── The data

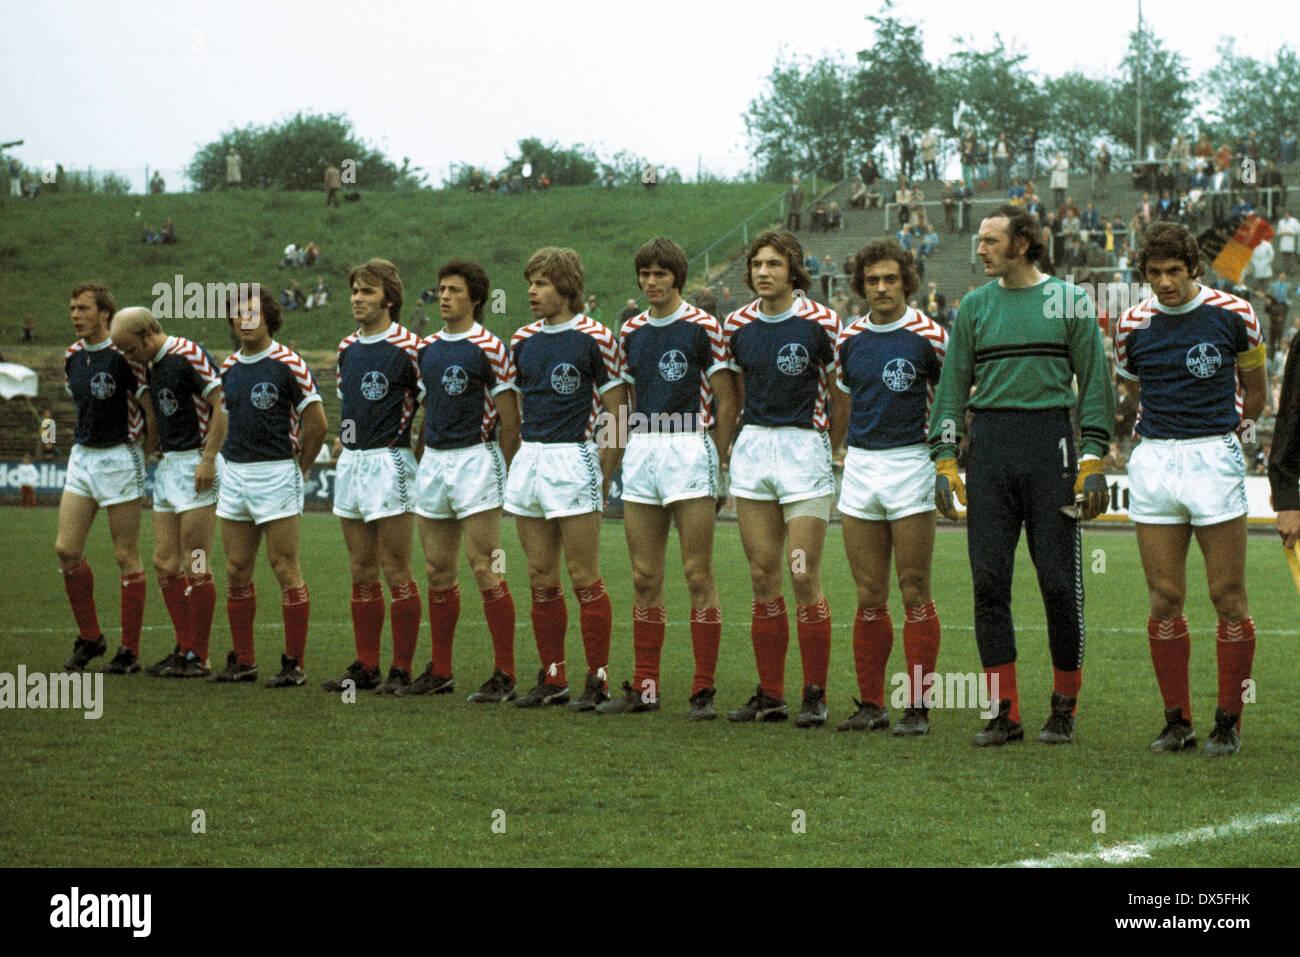 football, 2. Bundesliga Nord, 1974/1975, Stadium am Uhlenkrug, ETB Schwarz Weiss Essen versus FC Bayer 05 Uerdingen 1:2, team shot Uerdingen, f.l.t.r. Horst Riege, Lothar Prehn, Hans-Juergen Wloka, Edmund Stieber, Franz Raschid, Norbert Brinkmann, Friedhe - Stock Image
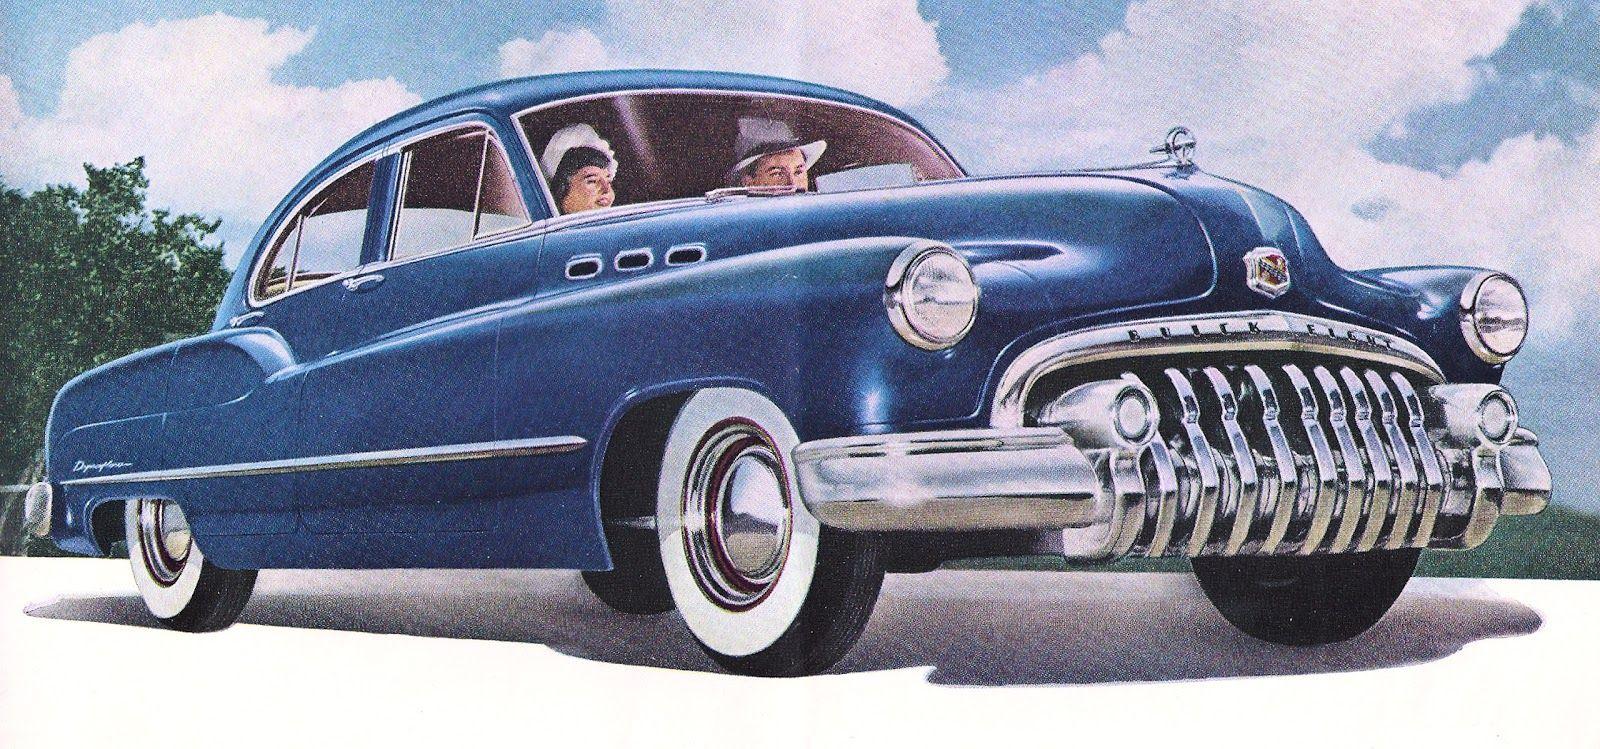 Rare Classic 1950s Cars.
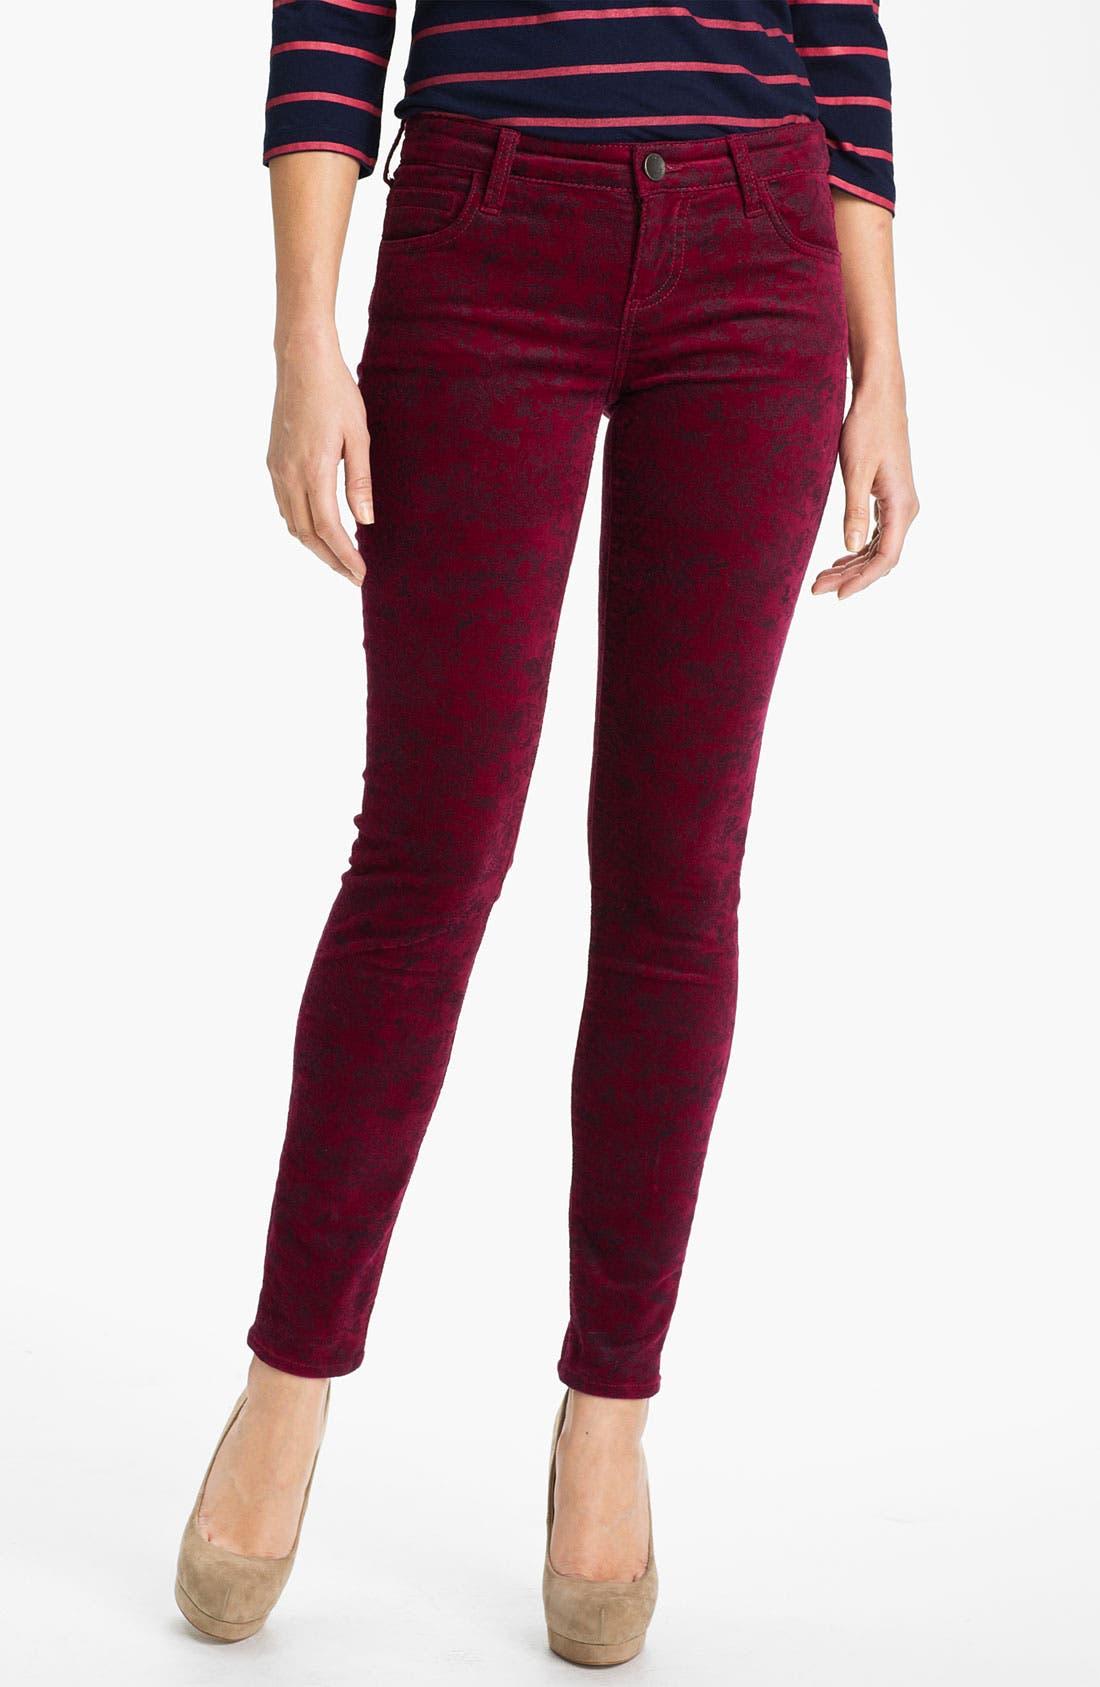 Main Image - KUT from the Kloth Velveteen Skinny Jeans
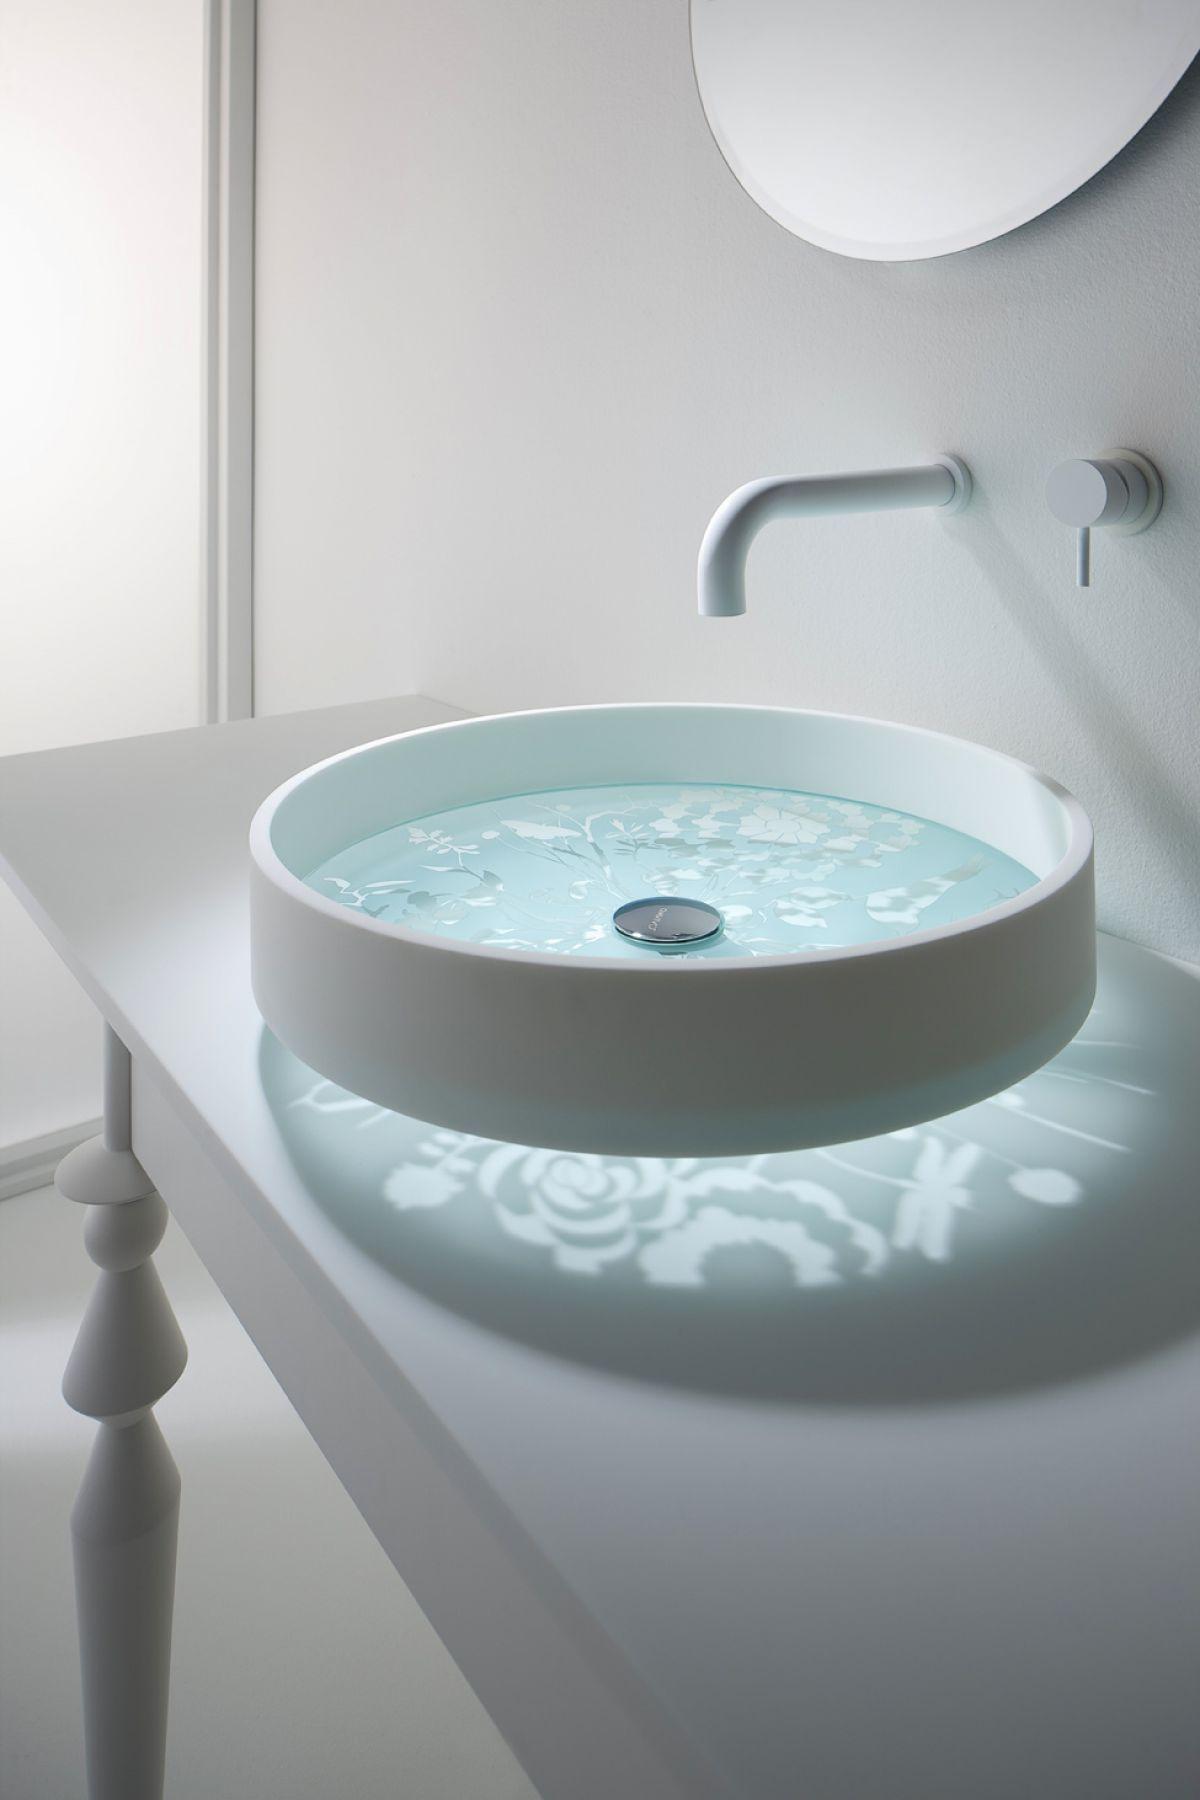 The Motif Basin Makes Your Bathroom Sink A Work Of Art Badkamer Inspiratie Badkamerideeen Badkamer
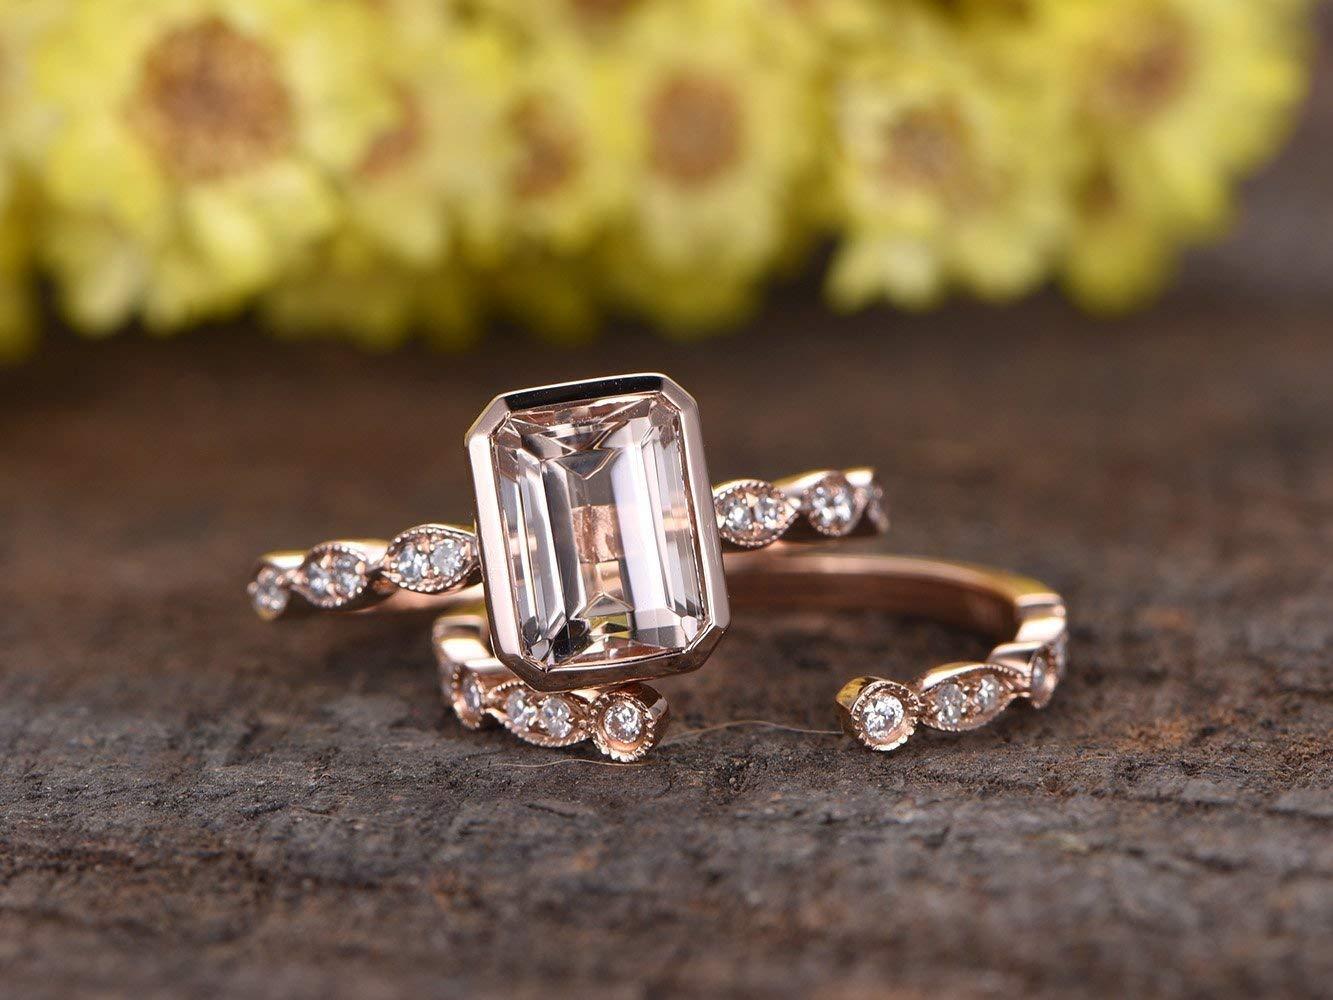 Marquise Moissanite Engagement Ring White Gold Over Bridal Set 2pcs Antique Art Deco Wedding Band Women Matching Moissanite Rings Stacking
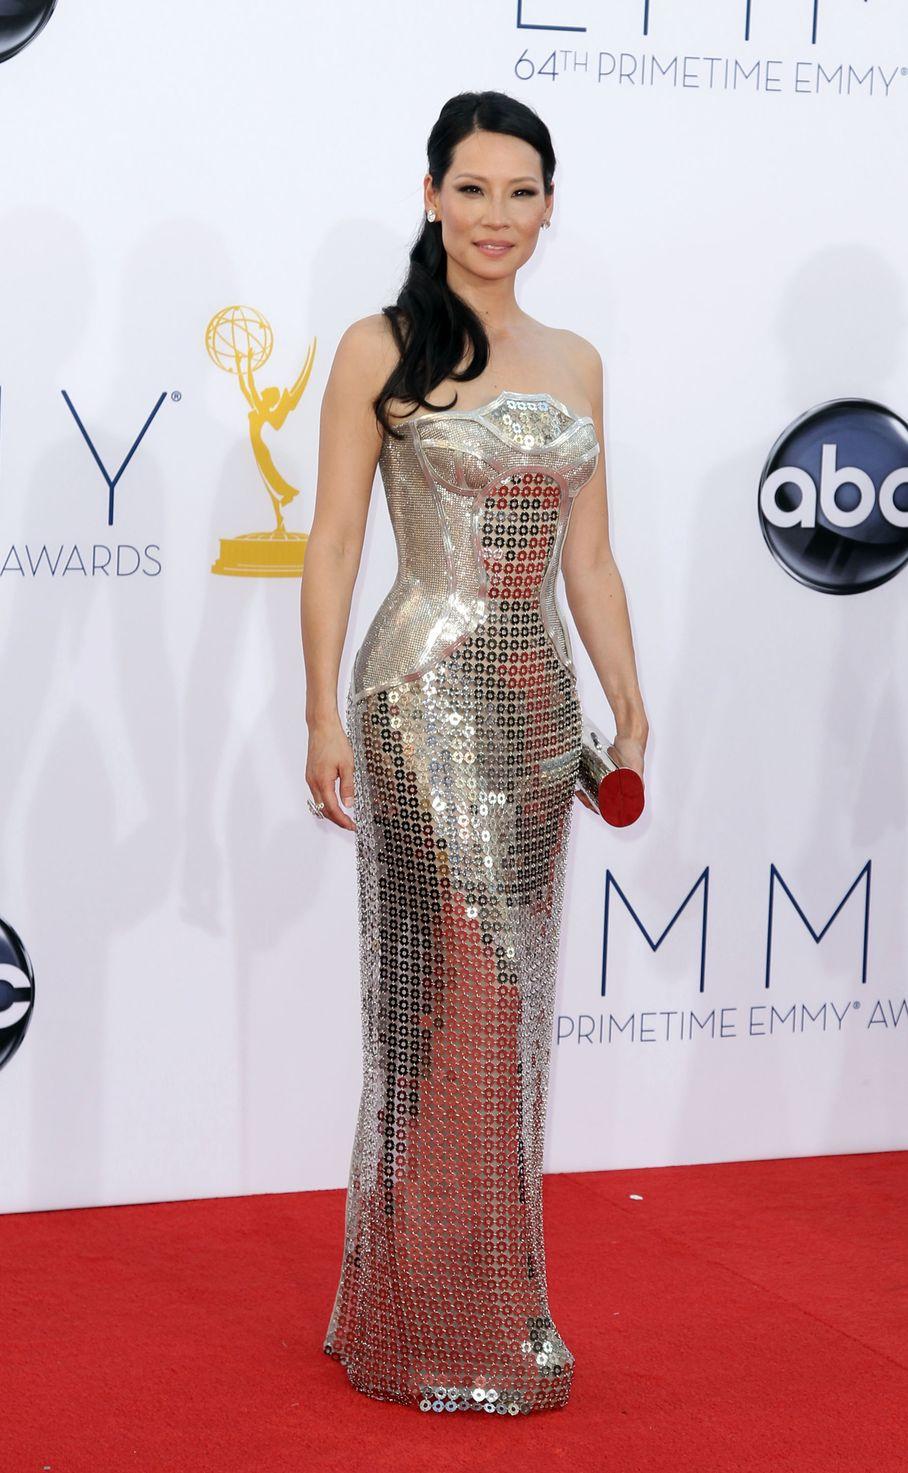 Lucy Liu - 2012 Emmy Awards, Red Carpet Looks

────

• _Exercise requirements_
Retype every record above exactly as written, but leave out the pictures.

• _Exercise solution_
 football, 2. Bundesliga Nord, 1974/1975, Stadium am Uhlenkrug, ETB Schwarz Weiss Essen versus FC Bayer 05 Uerdingen 1:2, team shot Uerdingen, f.l.t.r. Horst Riege, Lothar Prehn, Hans-Juergen Wloka, Edmund Stieber, Franz Raschid, Norbert Brinkmann, Friedhe - Stock Image
 Rare Classic 1950s Cars.
 Main Image - KUT from the Kloth Velveteen Skinny Jeans
 The Motif Basin Makes Your Bathroom Sink A Work Of Art Badkamer Inspiratie Badkamerideeen Badkamer
 Marquise Moissanite Engagement Ring White Gold Over Bridal Set 2pcs Antique Art Deco Wedding Band Women Matching Moissanite Rings Stacking
 Lucy Liu - 2012 Emmy Awards, Red Carpet Looks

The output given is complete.